• INFORMATION SHOWN:
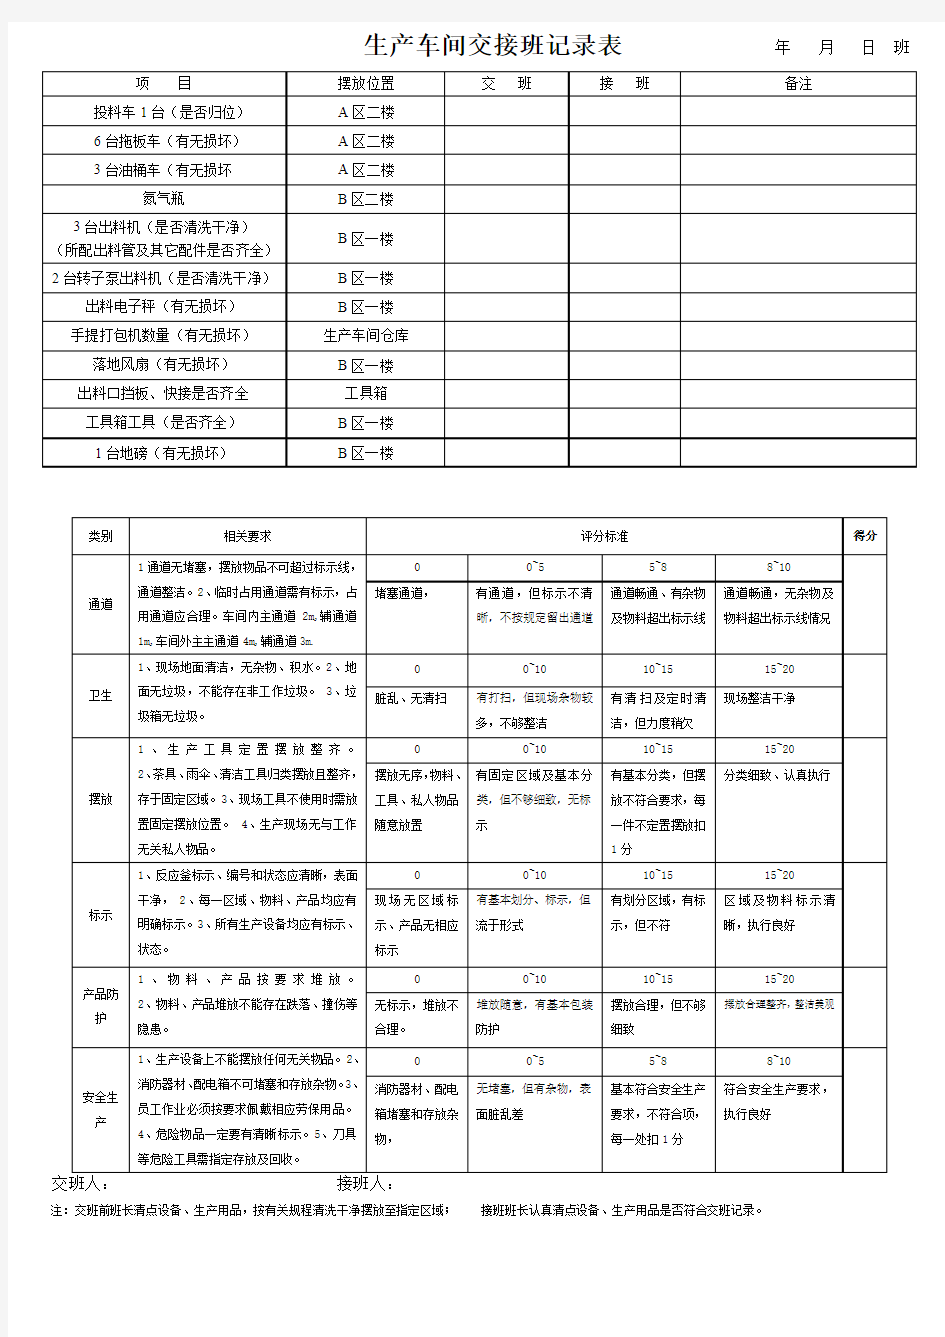 生产车间交接班记录表-1 (1)
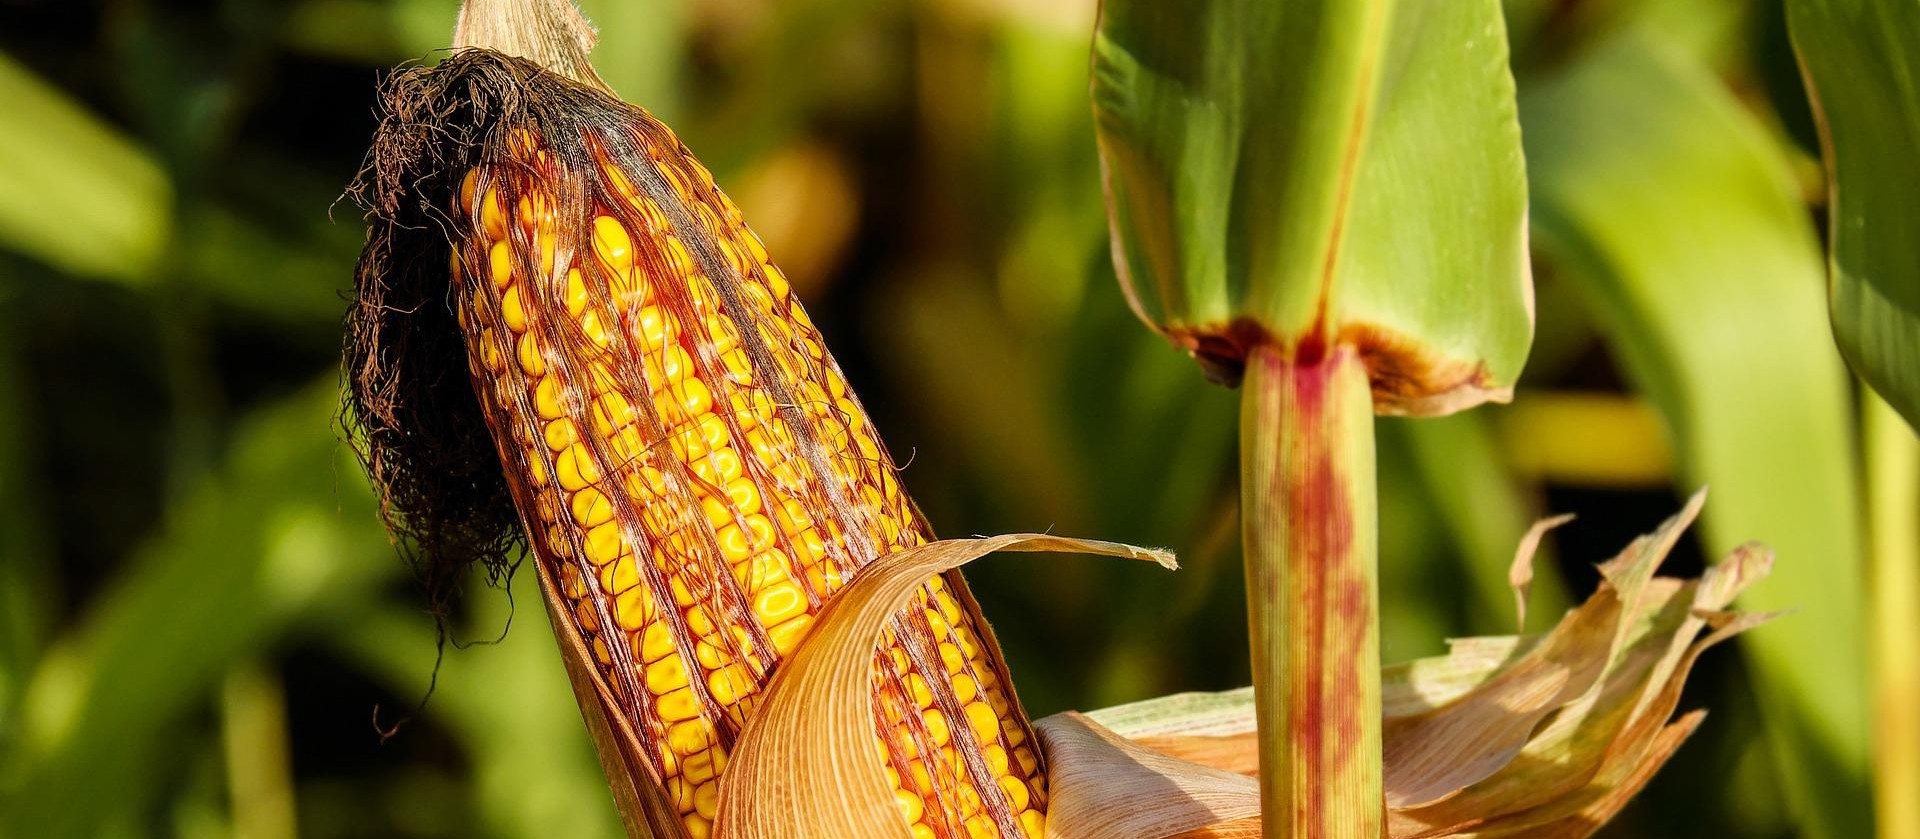 Produção do etanol de milho está em ascensão no Brasil 
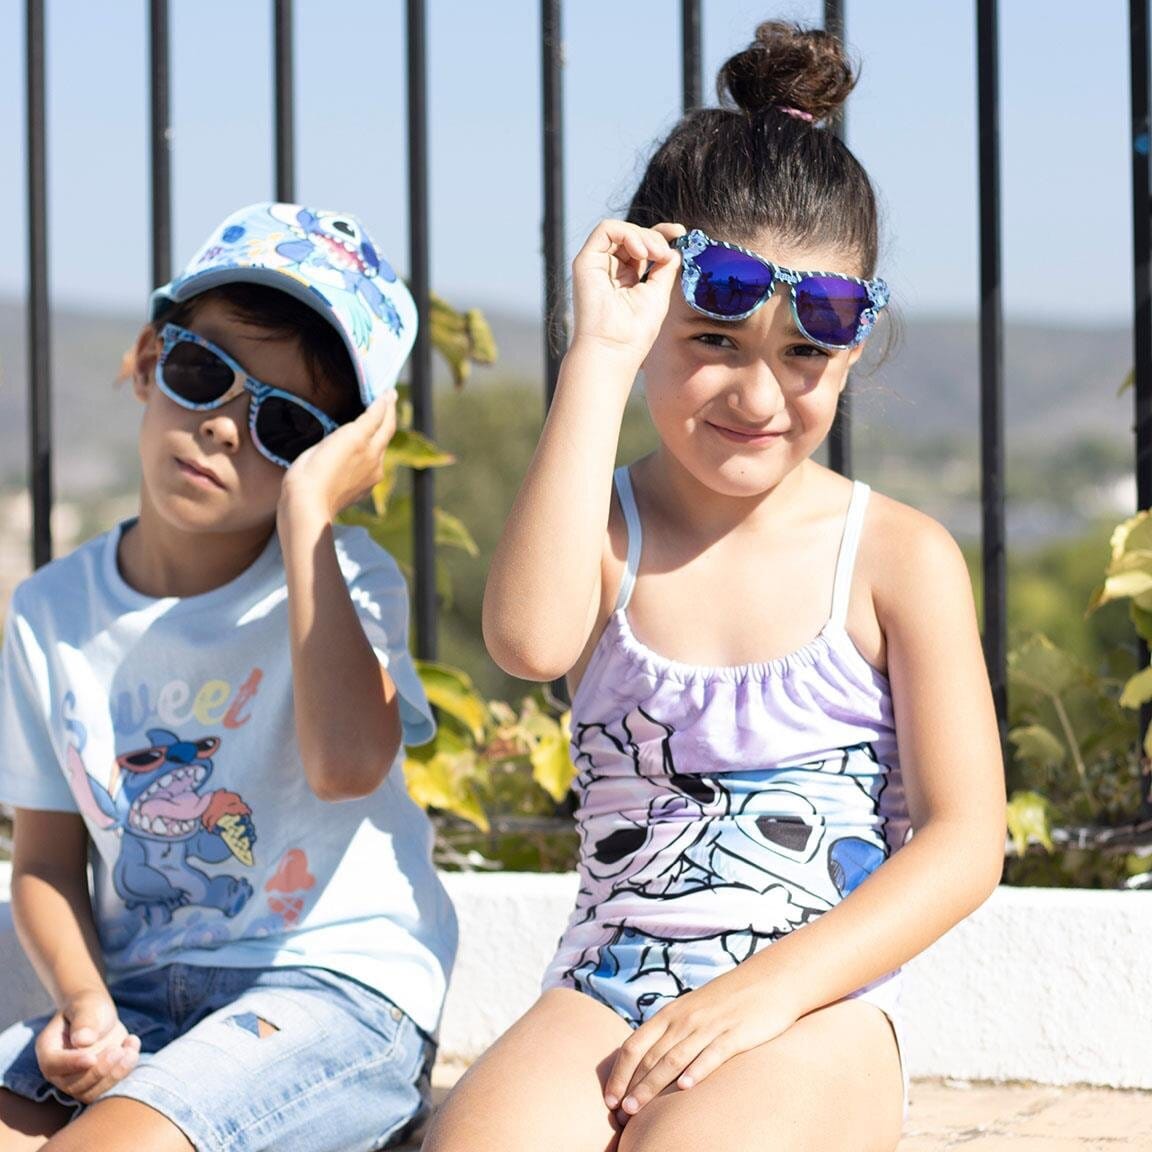 Lilo & Stitch - Pet en zonnebril voor kinderen
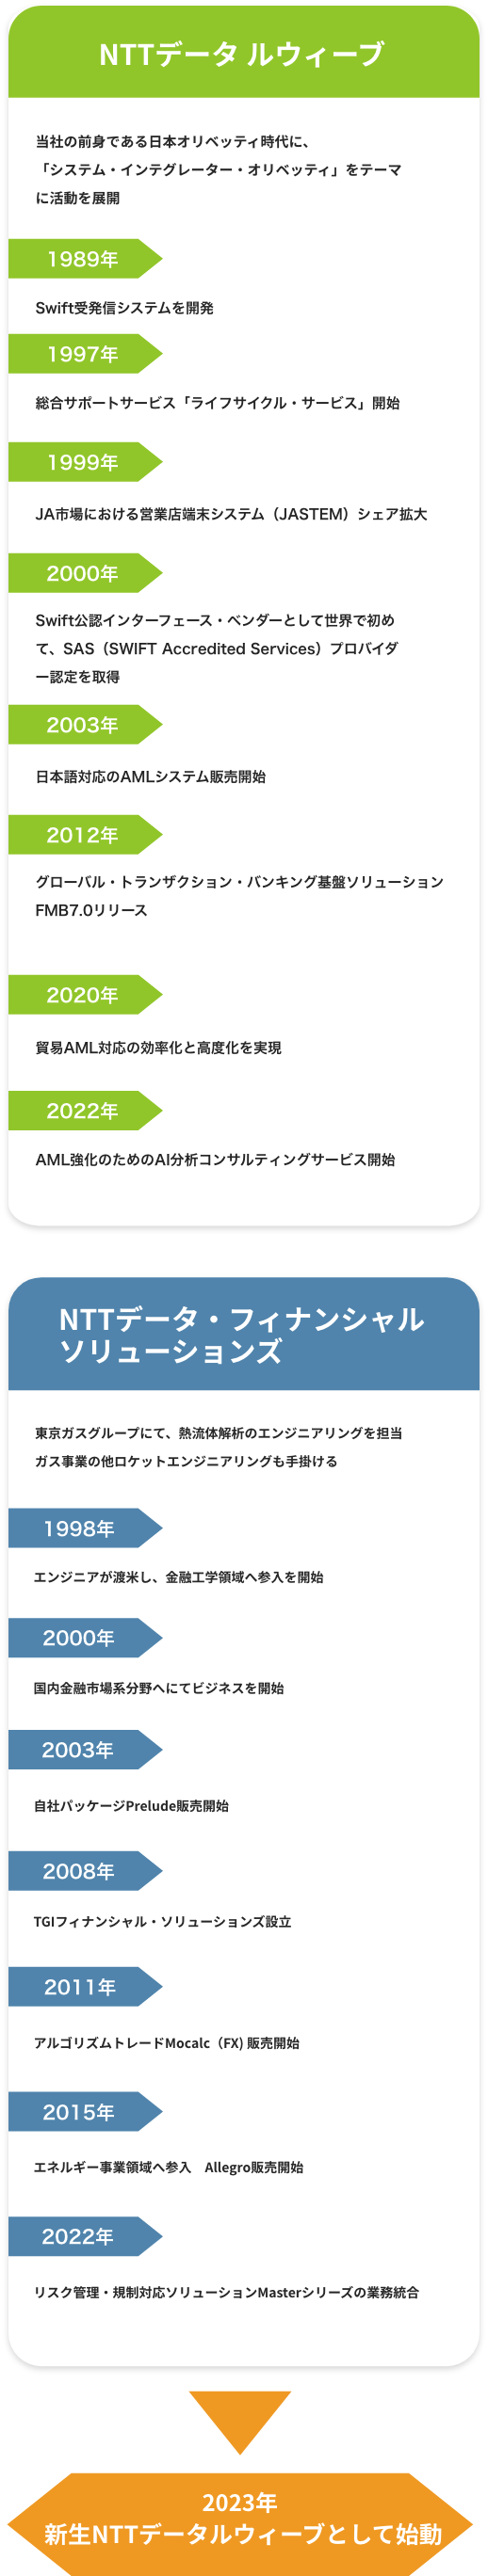 両社の歴史 2023年NTTデータルウィーブへ統合

• YOUR ASSIGNMENT: Hand back the data exactly as it appears, with all pictures cut.

• EXERCISE OUTPUT:
 生产车间交接班记录表-1 (1)
 Produção do etanol de milho está em ascensão no Brasil 
 Lilo & Stitch - Pet en zonnebril voor kinderen
 両社の歴史 2023年NTTデータルウィーブへ統合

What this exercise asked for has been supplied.